Output every record verbatim, and omit each picture.

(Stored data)
________________________

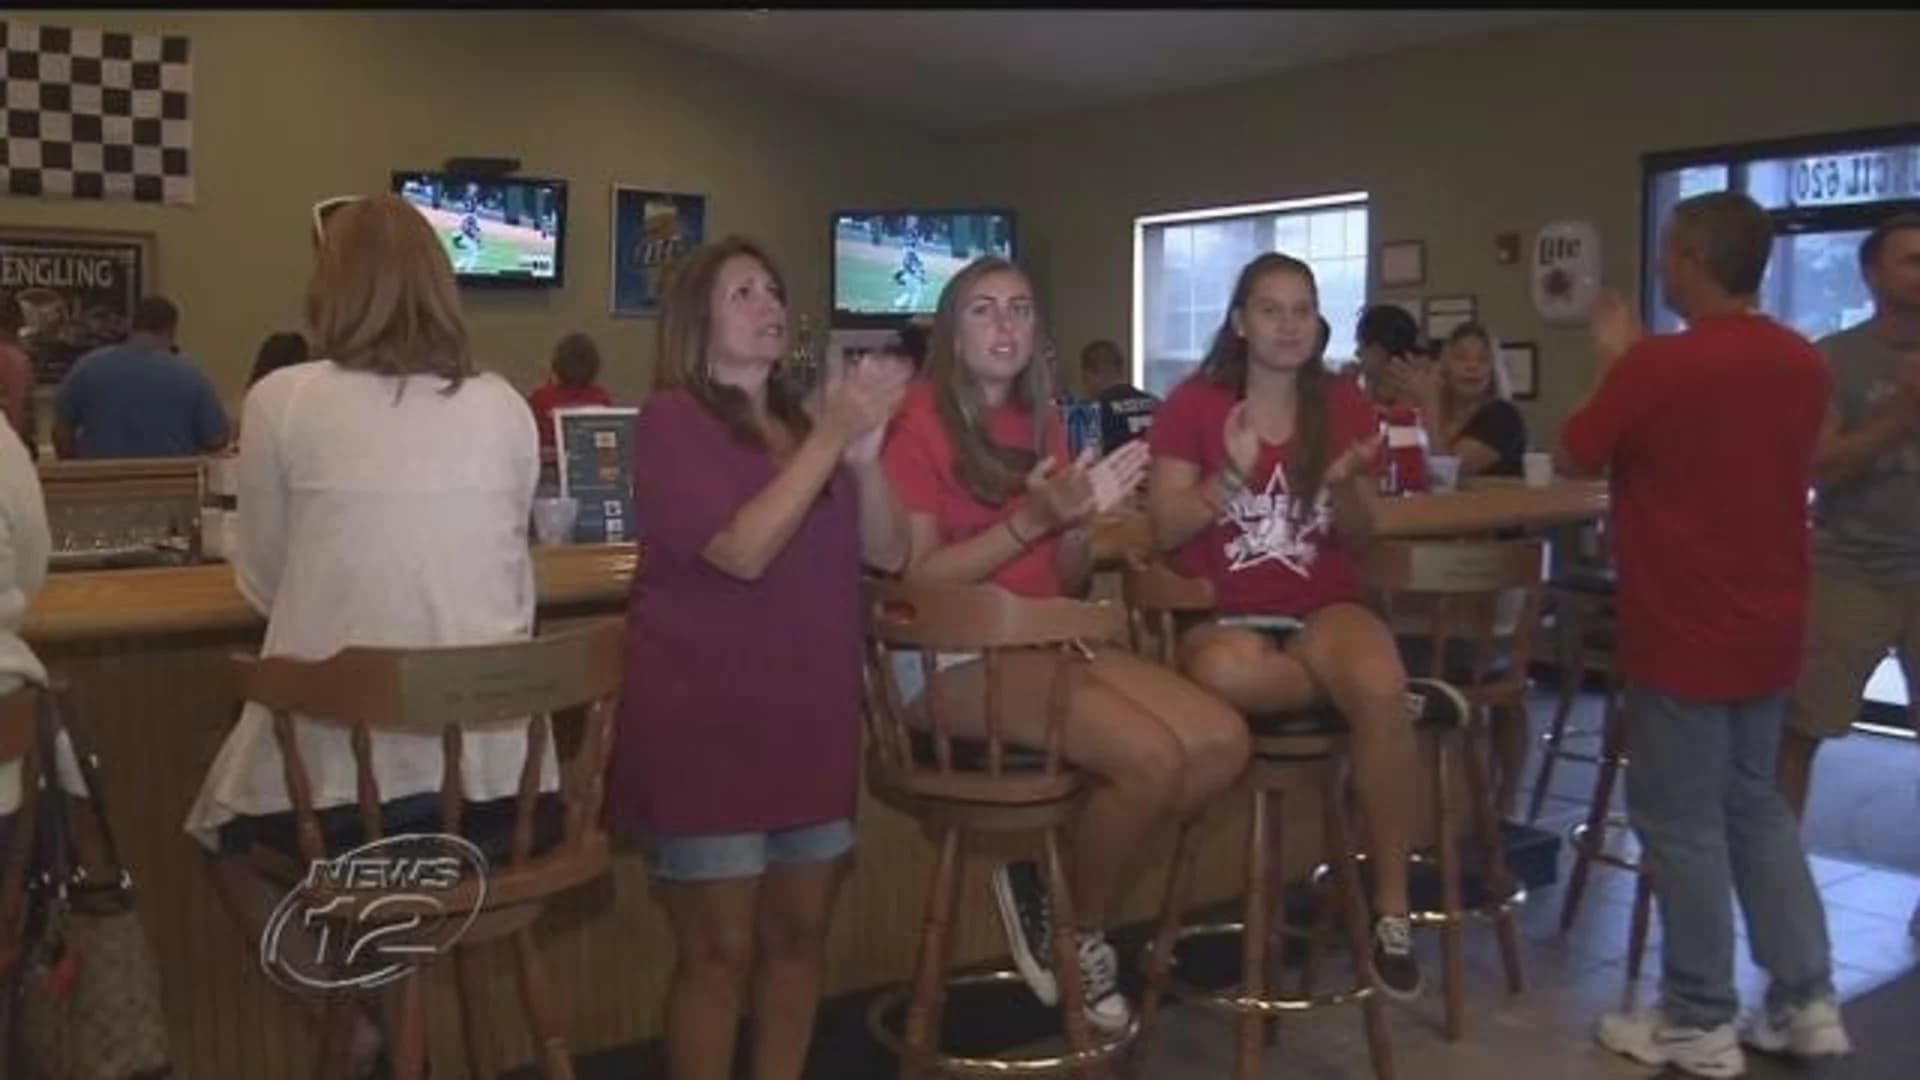 Despite loss, Jackson community cheers on Little League team
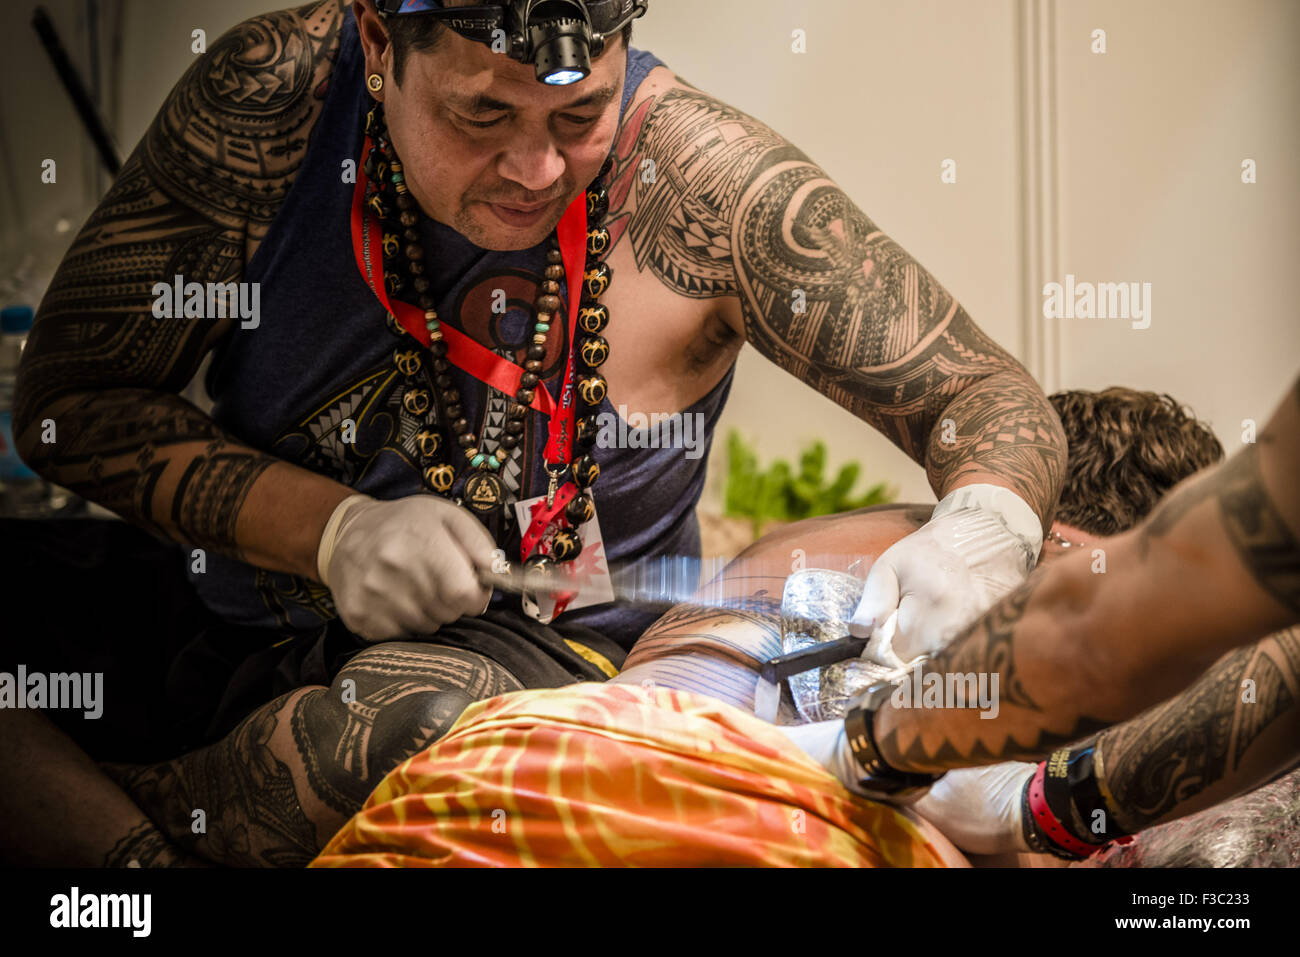 Samoan Tattoos - Much More Than A Fashion Statement. | FeedsFloor
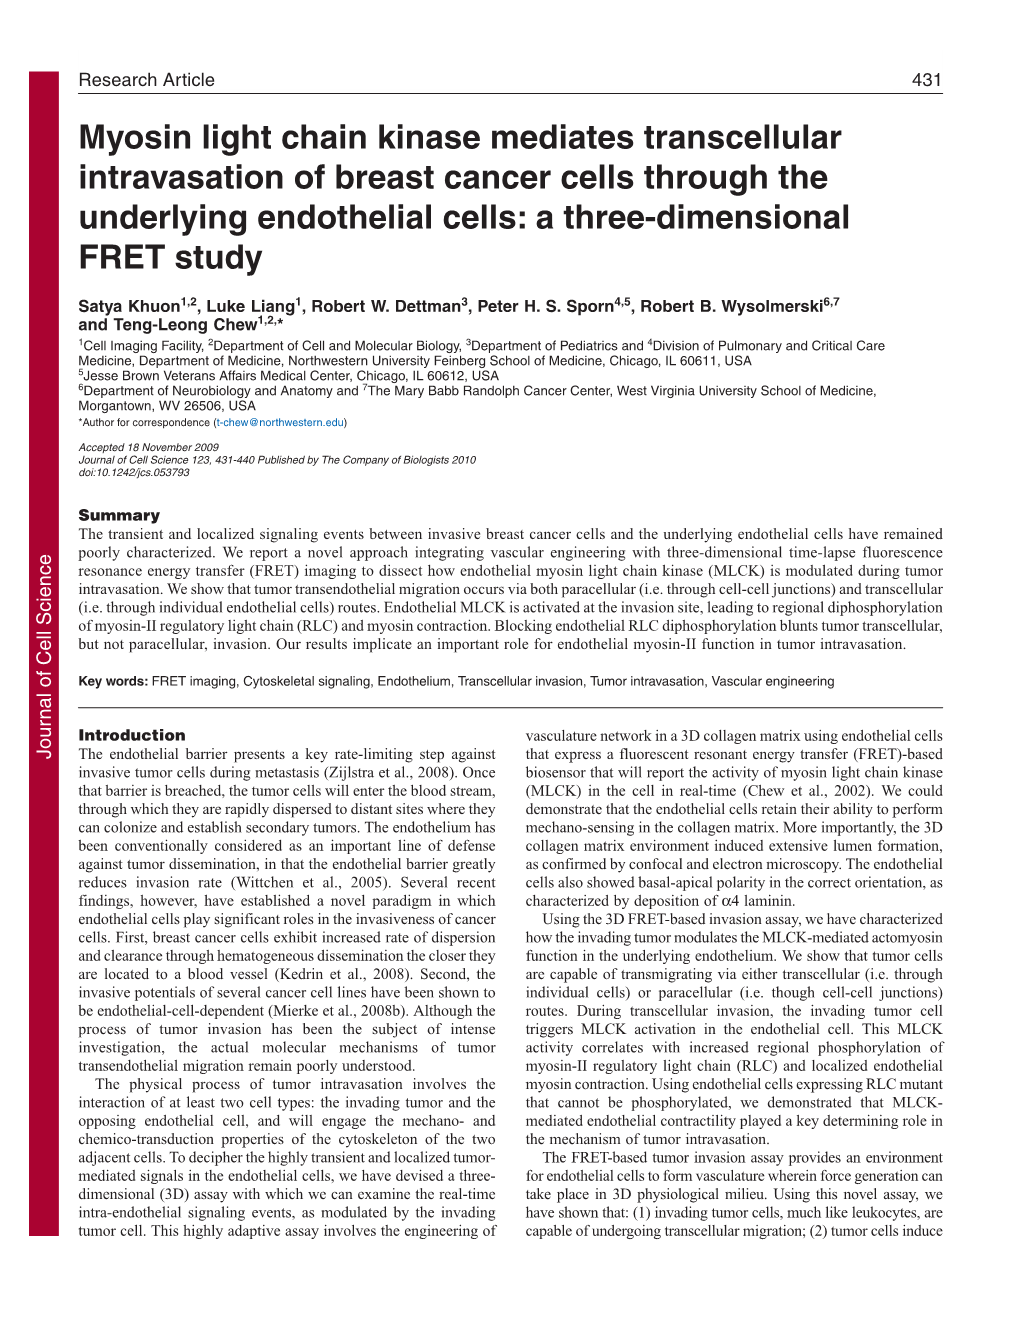 Myosin Light Chain Kinase Mediates Transcellular Intravasation of Breast Cancer Cells Through the Underlying Endothelial Cells: a Three-Dimensional FRET Study
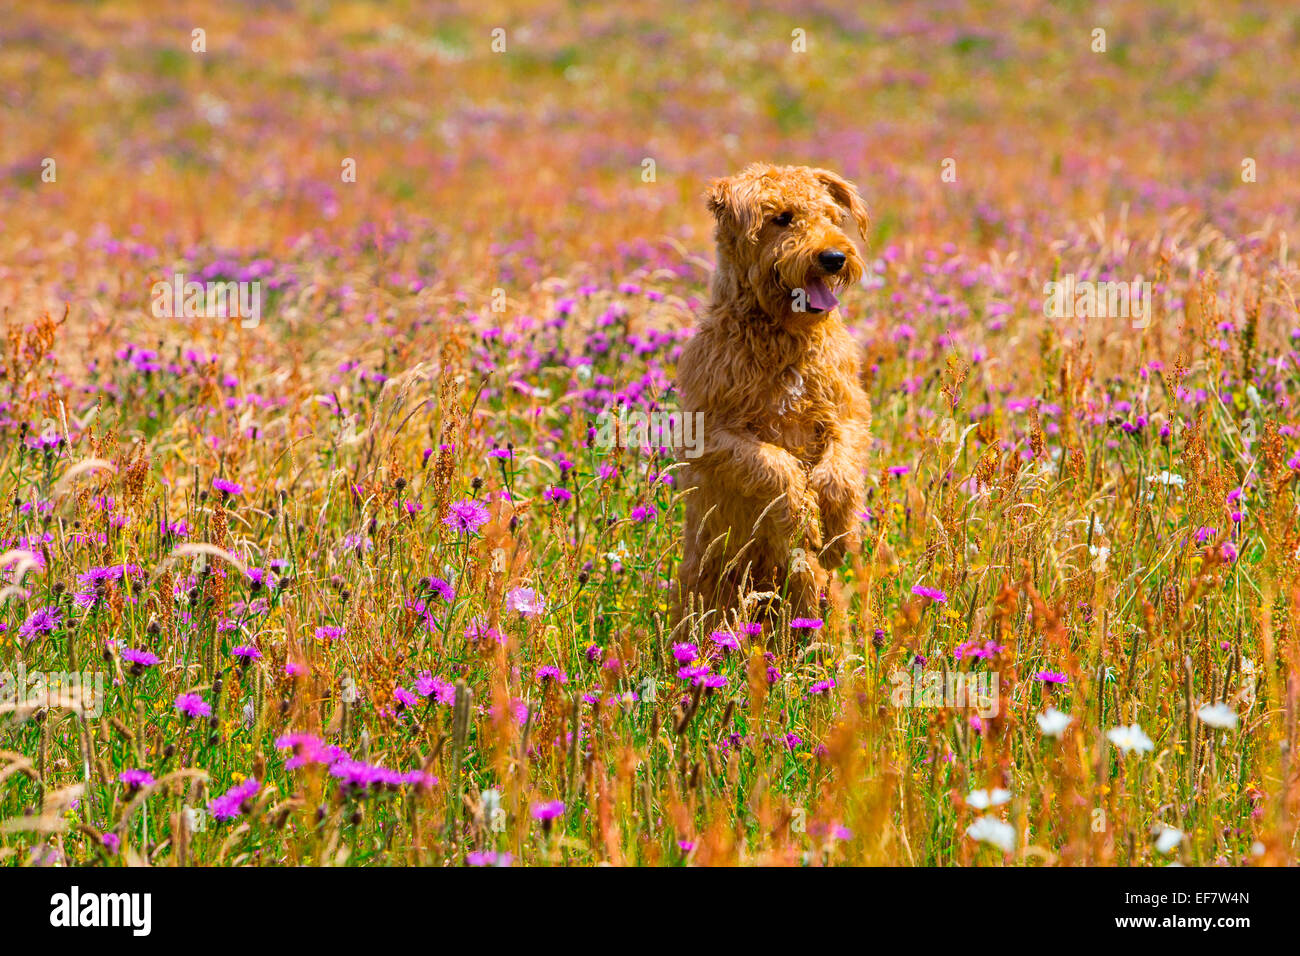 Terrier dog standing on hind legs in wildflower meadow Stock Photo
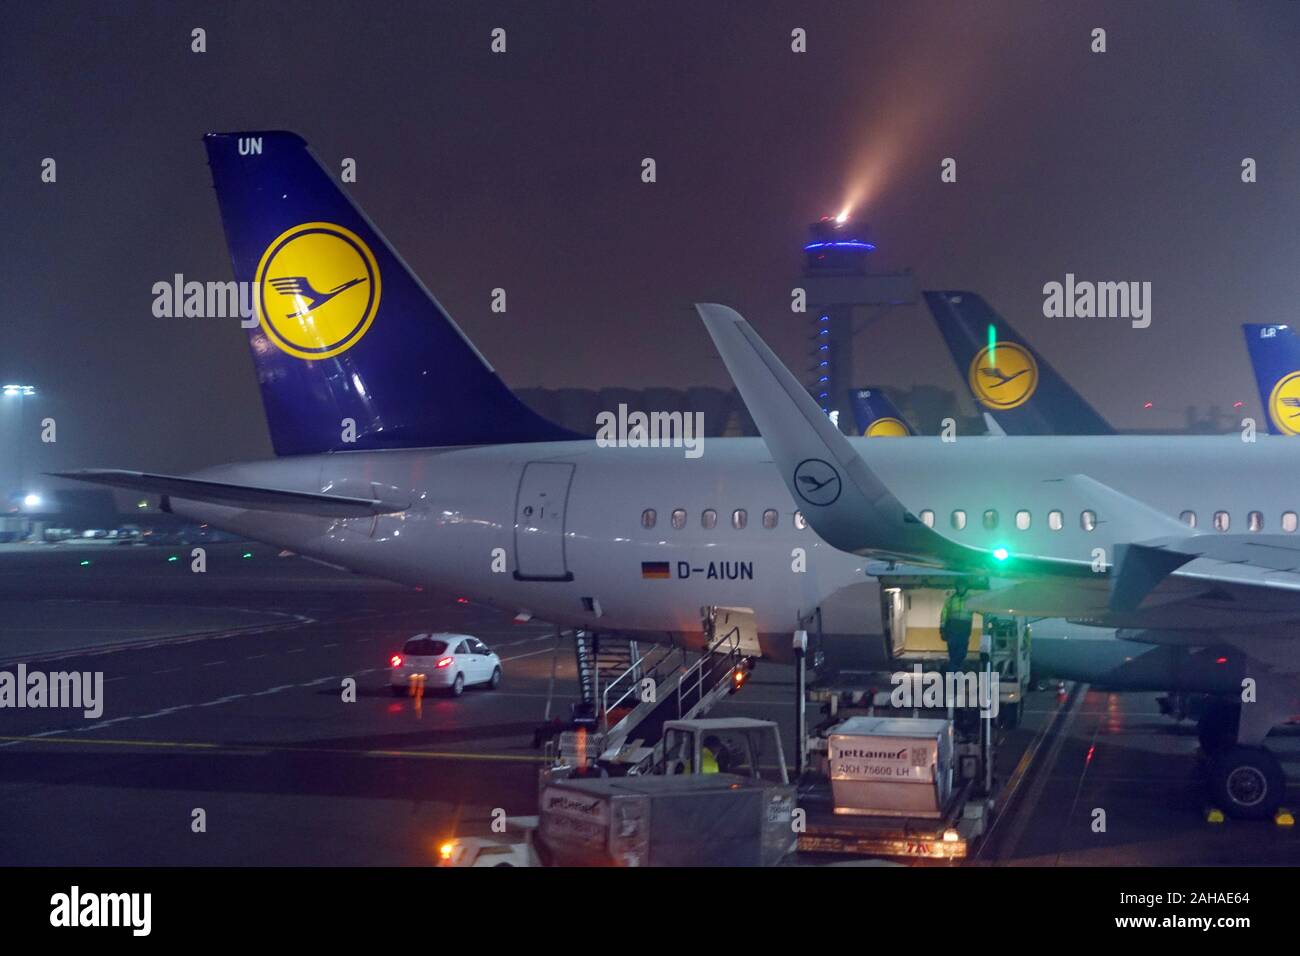 05.12.2016, Frankfurt am Main, Hessen, Germany - Lufthansa planes at Frankfurt Airport at night. 00S161205D052CAROEX.JPG [MODEL RELEASE: NO, PROPERTY Stock Photo

________________________

Expected output
 Despite loss, Jackson community cheers on Little League team
 Samoan Tattoos - Much More Than A Fashion Statement. | FeedsFloor
 Myosin Light Chain Kinase Mediates Transcellular Intravasation of Breast Cancer Cells Through the Underlying Endothelial Cells: a Three-Dimensional FRET Study
 Terrier dog standing on hind legs in wildflower meadow Stock Photo
 05.12.2016, Frankfurt am Main, Hessen, Germany - Lufthansa planes at Frankfurt Airport at night. 00S161205D052CAROEX.JPG [MODEL RELEASE: NO, PROPERTY Stock Photo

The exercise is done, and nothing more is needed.